Thanks to the efforts of the Mystery Science Theater 3000 crew, lots of people are familiar with this movie. I have received numerous requests over the years to review it. It is a classic MST3K episode, but can you comprehend the horror of watching the movie alone and unedited? After only thirty minutes, I could actually feel the blood slowing down as it moved through my brain.

The memory is not getting any better, so let us begin.

The happy little family unit of Mike, Margaret, and Debbie are on a road trip when their luck takes a turn for the worse. No, not a family of mutant cannibals, but lots of driving does bring them to the front door of a forsaken lodge. Torgo lingers in the doorway, acting like a mentally challenged freak. Tired after a long day on the road, dad says, "Gee, this place looks like a good place to spend the night." He instructs the creepy caretaker to carry the family's bags inside.

Meanwhile, the two smoochers are discovered by the roaming policemen and told to move along. This turns into a running gag, with the amorous pair kissing, drinking, and eventually leaving when the officers find the latest roadside love nest. Have you ever kissed someone with several hours of cheap whiskey on their breath? Not the best way to get in the mood.

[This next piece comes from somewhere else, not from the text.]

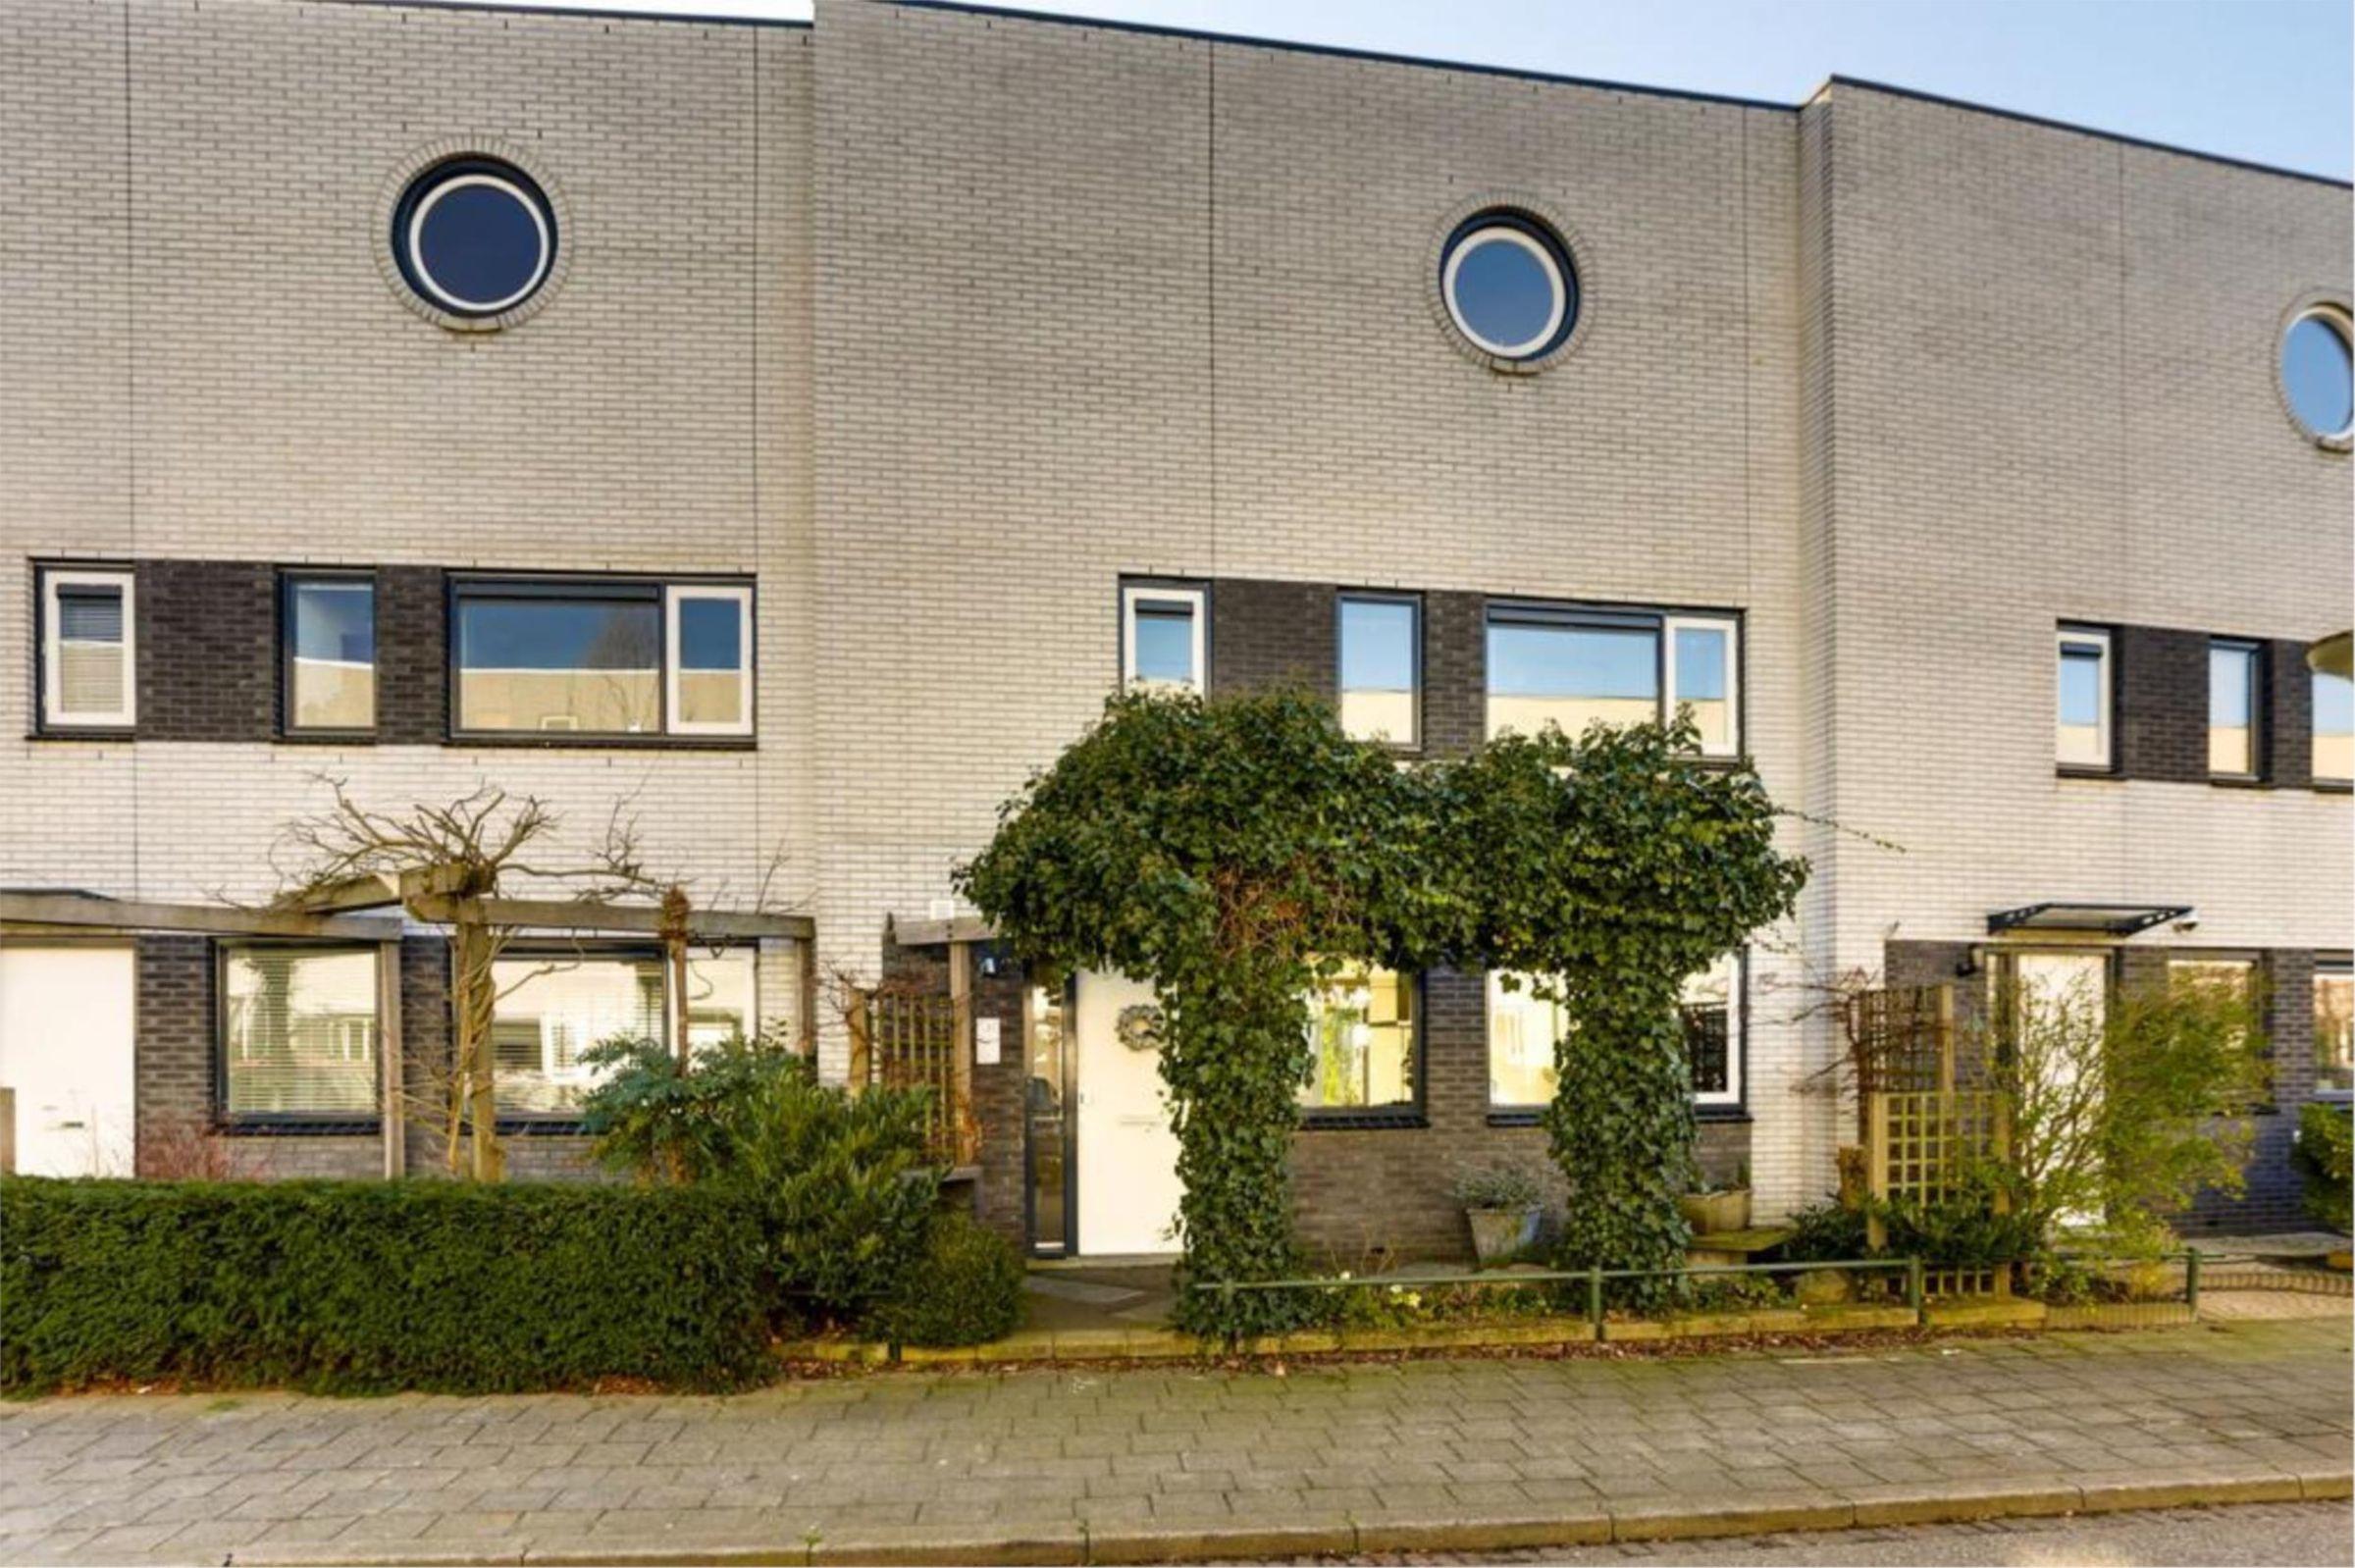 Aburahout 26, Zoetermeer

Inside the lodge is a depiction of the Master and his faithful Doberman. Mike and Margaret spend what seems like (and nearly is) ten minutes obsessing about the painting. They are frightened by the aura of menace that surrounds the canvas. These two should try looking through a book of Giger's artwork (which, by the way, makes a great baby shower present).

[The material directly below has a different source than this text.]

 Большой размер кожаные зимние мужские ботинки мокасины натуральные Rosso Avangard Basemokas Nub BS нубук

That night, Mike investigates chilling howls near the house and an unseen creature kills the family poodle. Then the luckless father discovers the Master's desert shrine. The priest lies upon a stone altar, while his women decorate nearby pillars. All of this is too much for Mike; he runs back to the lodge with every intention of leaving.

Torgo has been using the idle time to chat up Mrs. Useless. He obsesses about the Master and his wives, angry that the polygamous pontiff wants the newest female arrival for his own. The Master wakes after these revelations, so perhaps the servant is telepathically bonded. You know what? I do not care. I want this movie to be over.

The Master rouses all of his wives at the same time, which only proves to me that he is some sort of freaking idiot. The women immediately start arguing and, eventually, fighting over the fate of their guests; the disposition of Debbie seems to be a major point. One wife refuses to harm the child in any way. The debate spirals into chaos as slaps and sharp fingernails start flying. The fight lasts for about twenty minutes.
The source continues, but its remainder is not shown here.